Friends and Heroes by Olivia Manning.  What I liked at first about this third book is that the focus was on what Harriet is figuring out about her husband’s character and drive.  However, halfway through the book, this also became what I didn’t like about it so much, for as Harriet realizes that her husband, although a good man, might not be good for her, the reader starts to feel as trapped in the marriage as does Harriet.  It becomes clear that although Guy is admirable in many ways, he is also limited in how he can feel what he feels for her.  And then to make matters worse, Athens, where Harriet and Guy are living after having escaped from Bucharest as the Nazis marched in, is about to be over-run itself.  Even more than the first two books then, this one is about a city on the brink of occupation and desolation.  There isn’t much work to be had, and certainly no food.  The characters – many the same from the first two books – tend to wander around and worry.  We meet a great new character, Allan Frewen with his dog, Diocletian, and there’s also a hilarious sequence regarding two teachers who worked for Guy in Romania, Toby Lush and Dubedat.  I was just beginning to formulate how they reminded me of Rosencranz and Guildenstern, when another character in the book started calling them that.  On the whole, I did really enjoy Manning’s trilogy, and do plan to go on and read the second trilogy, known as the Levant.  She’s a really good writer – she reminds me of how Virginia Woolf might have written had she lived abroad.

Tiny Beautiful Things:  Advice on Love and Life by Dear Sugar by Cheryl Strayed.  The author of Torch and Wild, Cheryl Strayed is a woman brimming with wisdom and a gift for phrasing.  She has lived a lot of life in forty-five years, and is adept at sharing her lessons.  She wrote an advice column for many years on a website, and this book is a collection of these advice columns.  People would write to her as “Dear Sugar” about relationships and life and jobs and trials, and Sugar would respond with wit and accuracy.  Reading the book, I don’t think there was even one response she got wrong, and her writing is superb.  It’s not complicated stuff – it’s along the lines of “Real change happens on the level of the gesture.  It’s one person doing one thing differently than he or she did before.” – but it is smart and compassionate and helpful.  I enjoyed the book.

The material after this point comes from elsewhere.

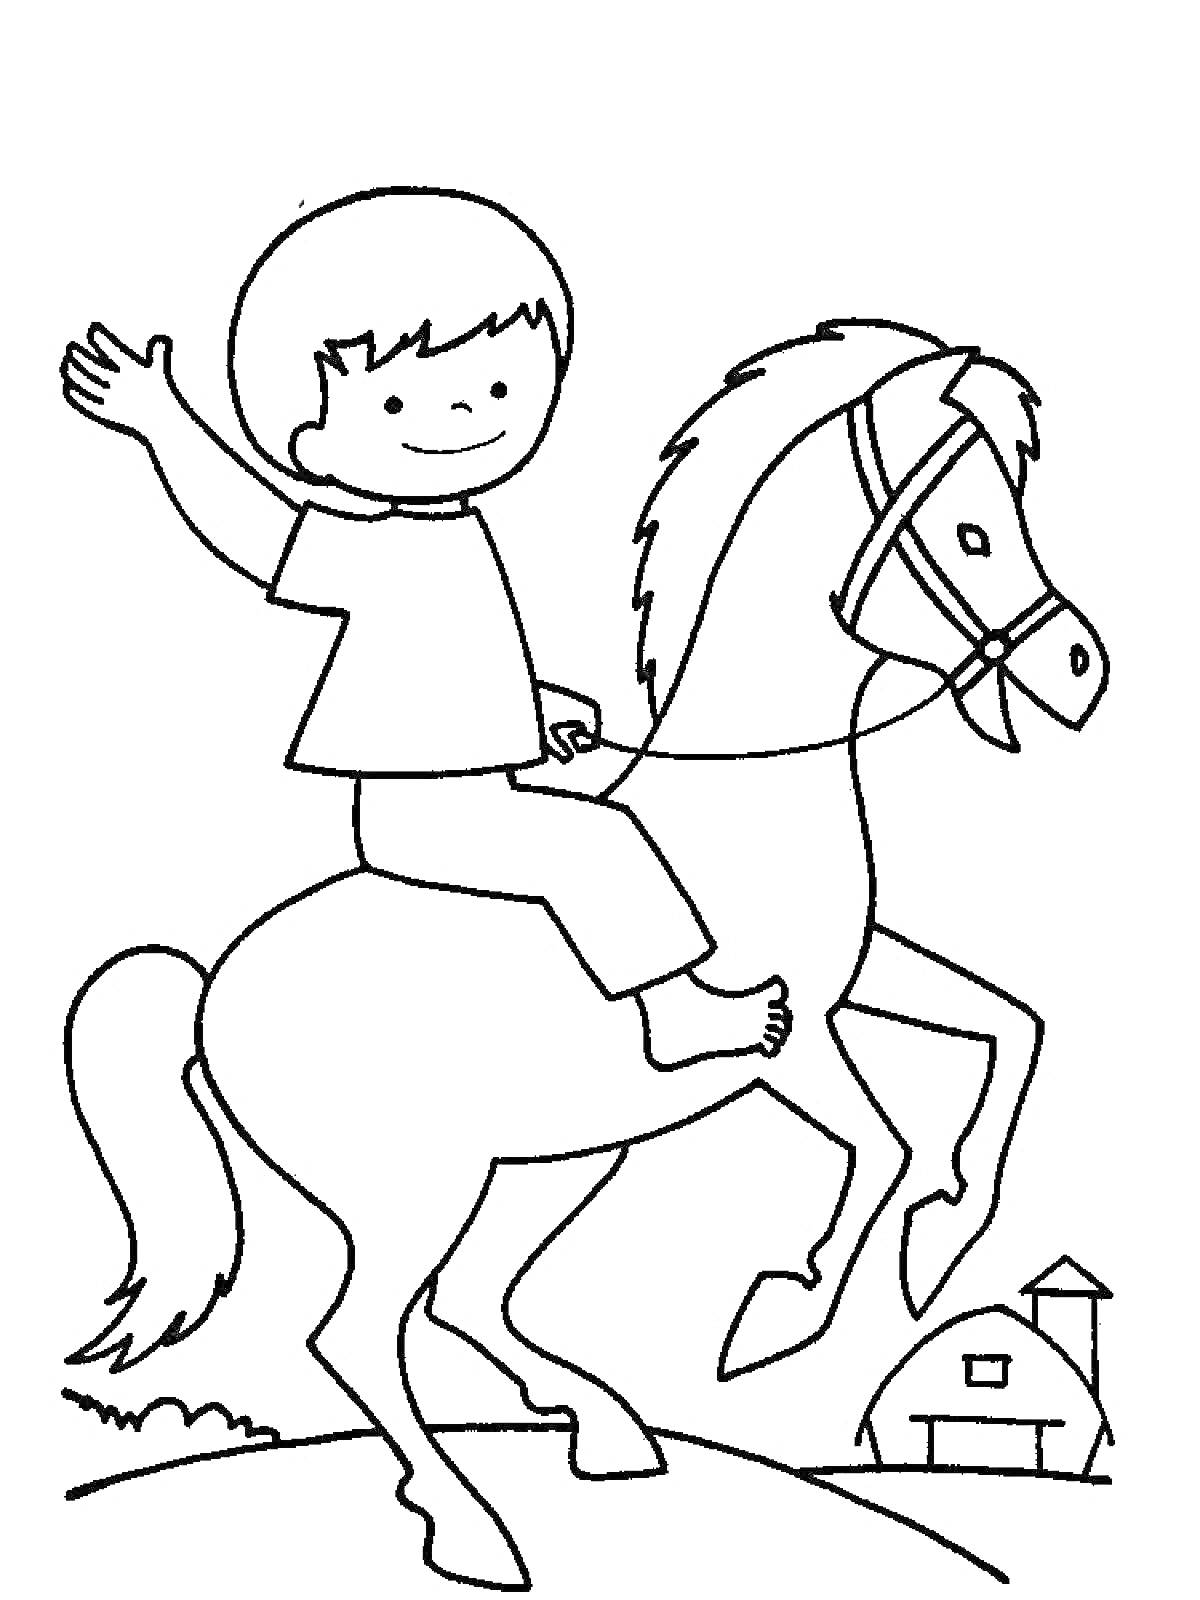 счастливый всадник на лошади с амбаром на заднем плане
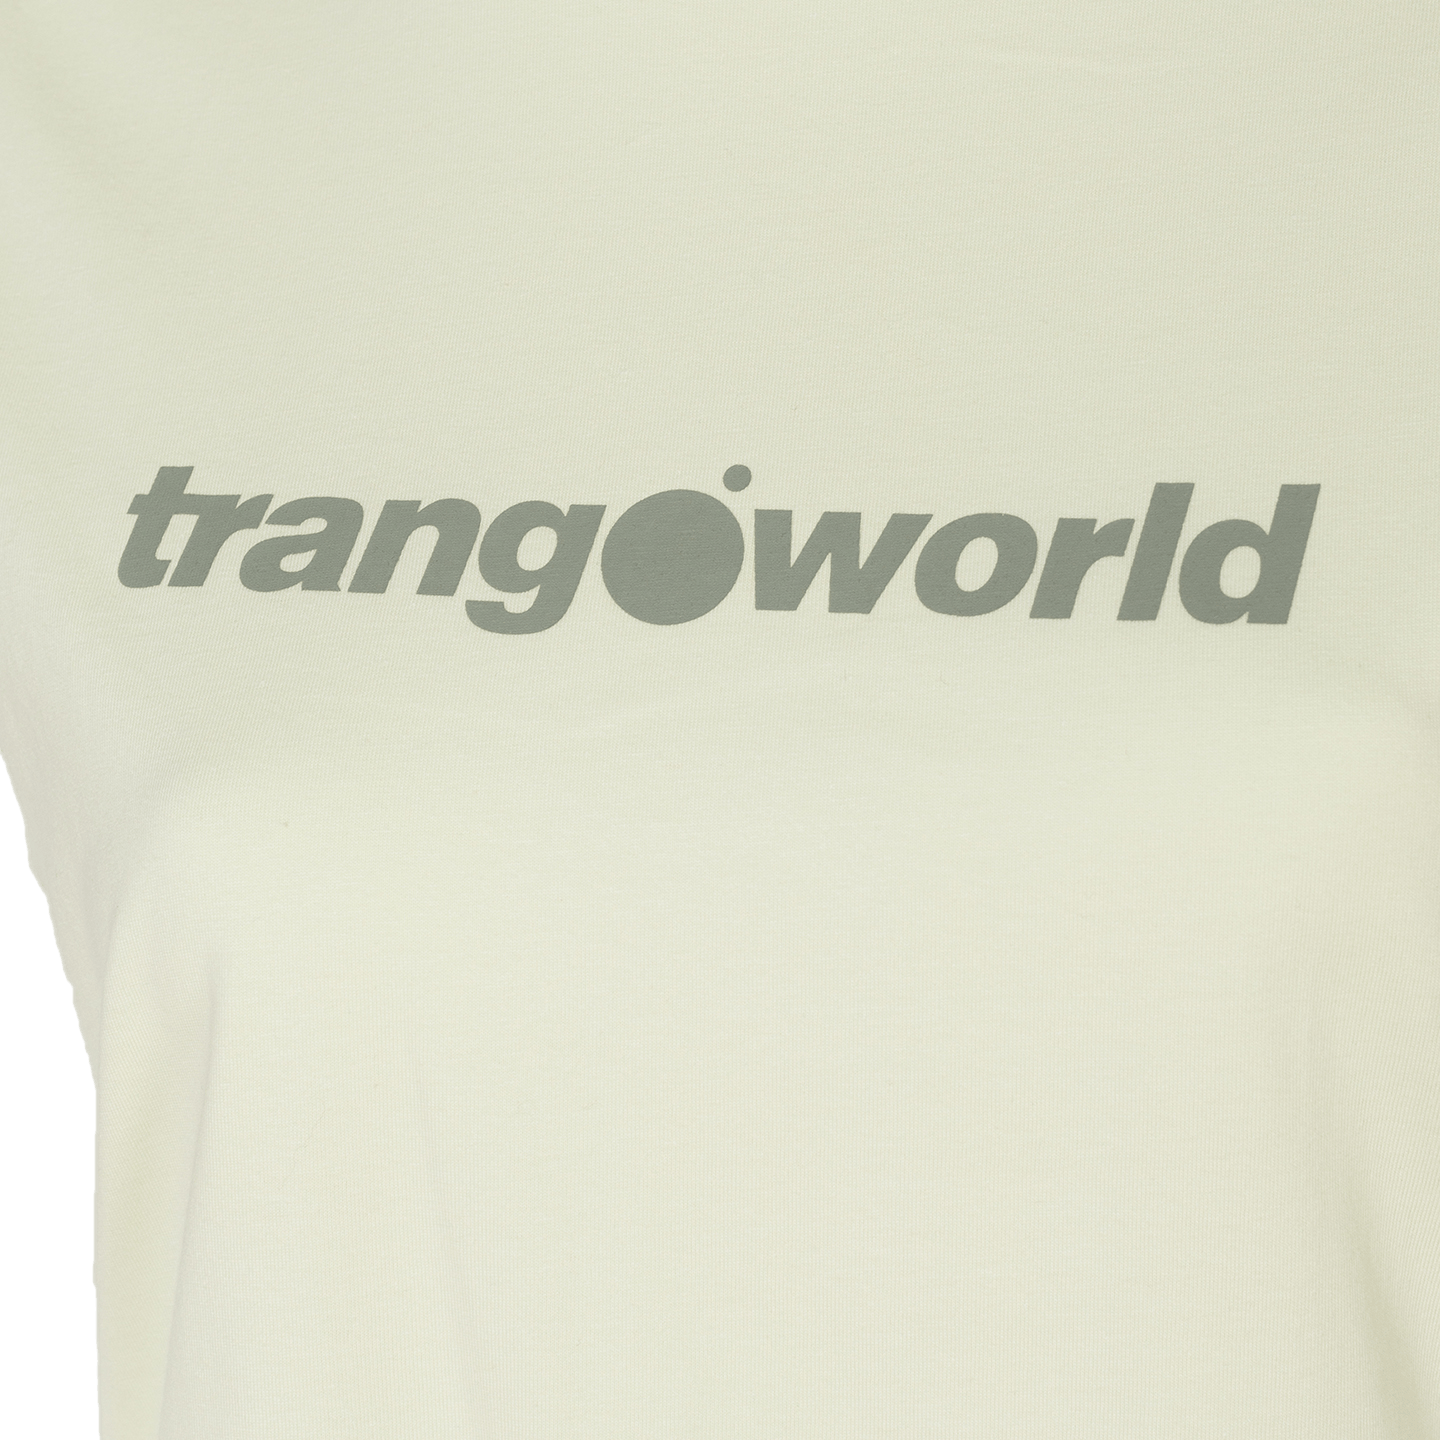 Camiseta Trangoworld Imola - Camiseta Mujer  MKP

Missoula:  Rape and the Justice System in a College Town by Jon Krakauer.  I will read anything Jon Krakauer writes, even a book on the preponderance of rape in a Montana university town.  It’s not a topic I would normally gravitate towards, but he makes everything interesting, even if it is hard to read.  Basically, Missoula, Montana, home of the Griz football team, was in the news for the number of rapes and physical assaults reported by women and involving the football team.  Soon, the Department of Justice got involved, because upon investigation, they were disturbed by the amount of rapes reported which were not prosecuted.  Surprisingly, this ended up being an interesting topic and a good read.  The rapes were hard to read about, but Krakauer writes a lot of how the majority of rapes are not done by a stranger hopping out of a bush at night with a knife, but instead are committed by men the victim knows and were with by consent.  He also explored why a rape victim will also behave the exact opposite from how one would expect her to behave – that is, not screaming, not fighting, not running.  Of course, this inaction –although perfectly explainable – is then used against her when she tries to prosecute.  Krakauer also went into detail about a university’s responsibility when a rape is reported, versus the police’s responsibility.  He believes that both courses of retribution should be followed simultaneously.  He follows a few cases in particular, one which ends in a conviction and one which does not.